(Reuters) – Taiwan and China have engaged for years in competition for diplomatic recognition, but the pendulum has long swung decisively in Beijing’s favour.
Honduras last month ended its decades-long relationship with Taiwan and said it only recognised China, leaving Taiwan with formal diplomatic relations with just 13 countries.
Here are some facts about the diplomatic feud between Taiwan and China:
* Following the communist revolution in China in 1949, the defeated Republic of China government fled to Taiwan, insisting that it remained the sole legal representative of the Chinese people. Many non-communist countries continued to maintain ties with Taipei rather than Beijing.
* After the People’s Republic of China assumed the Chinese seat at the United Nations in 1971, more and more countries began severing official ties with Taiwan. The United States did so in 1979.
* Since Taiwan President Tsai Ing-wen won election in 2016 the shift to China has accelerated. Taiwan’s government says that the Republic of China, which remains the island’s official name, is a sovereign country with the right to state-to-state ties and Beijing has no right to speak for it.
China says Taiwan is merely one of its provinces and only Beijing can represent the island on the world stage.
* Taiwan and China have for years traded accusations about using “dollar diplomacy”, dangling generous monetary packages in exchange for recognition, though Taiwan’s government says it will no longer do so and that its aid is more appropriate than the flashy infrastructure projects Beijing often proffers.
* Taiwan says it values its allies as they often speak in support of Taiwan at the United Nations and other global bodies Taipei is locked out of due to Chinese pressure.
Taiwan’s Latin America and Caribbean allies are extra important as they give Taiwanese presidents an excuse to “transit” the United States while on state visits, where important meetings with U.S. officials take place.
* The United States has been concerned about countries leaving Taiwan for China, given it is viewed in Washington as Beijing expanding its influence in what is traditionally the U.S. backyards of Latin America and the Pacific.

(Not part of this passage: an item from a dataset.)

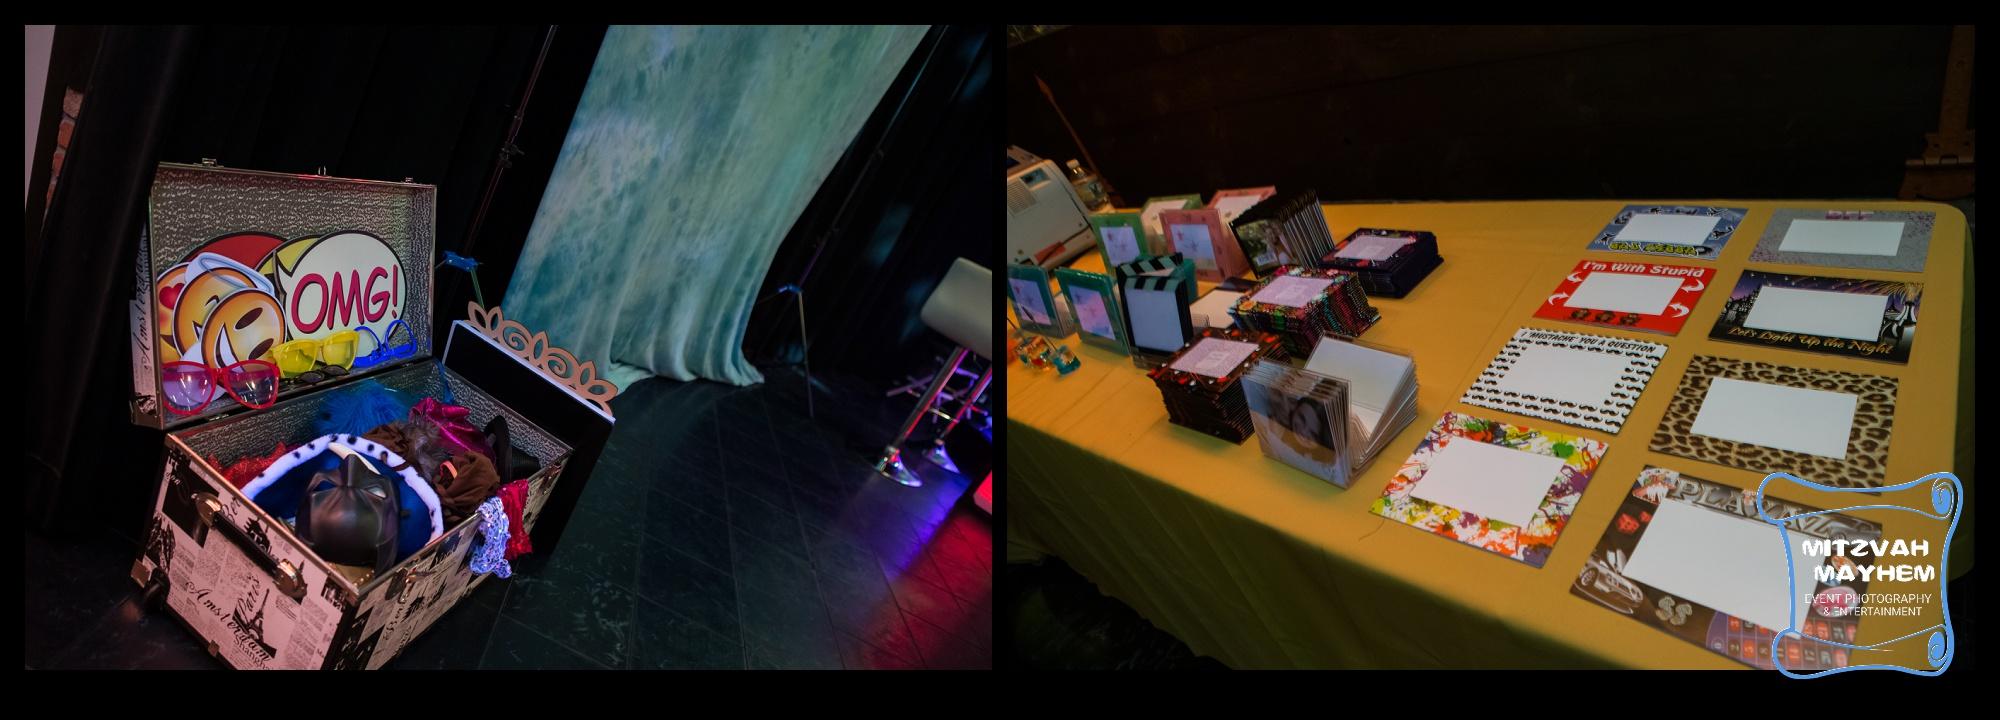 powerhouse-studios-mitzvah-7914.jpg

* Taiwan, which has long since thrown off its Cold War authoritarian mantle and become a thriving democracy, has been heartened by growing support from U.S. allies like Japan, Britain, France and the Czech Republic, which has helped soften the blow of losing so many of its former allies.
* Some countries have swapped between Taiwan and China more than once, including Liberia and the Central African Republic. The last country to switch back to Taiwan was Saint Lucia in 2007, bucking the trend.
* The countries which still maintain ties with Taiwan are: Belize, Guatemala, Paraguay, Haiti, Saint Kitts and Nevis, Saint Lucia, Saint Vincent and the Grenadines, Marshall Islands, Nauru, Palau, Tuvalu, Eswatini and the Vatican City.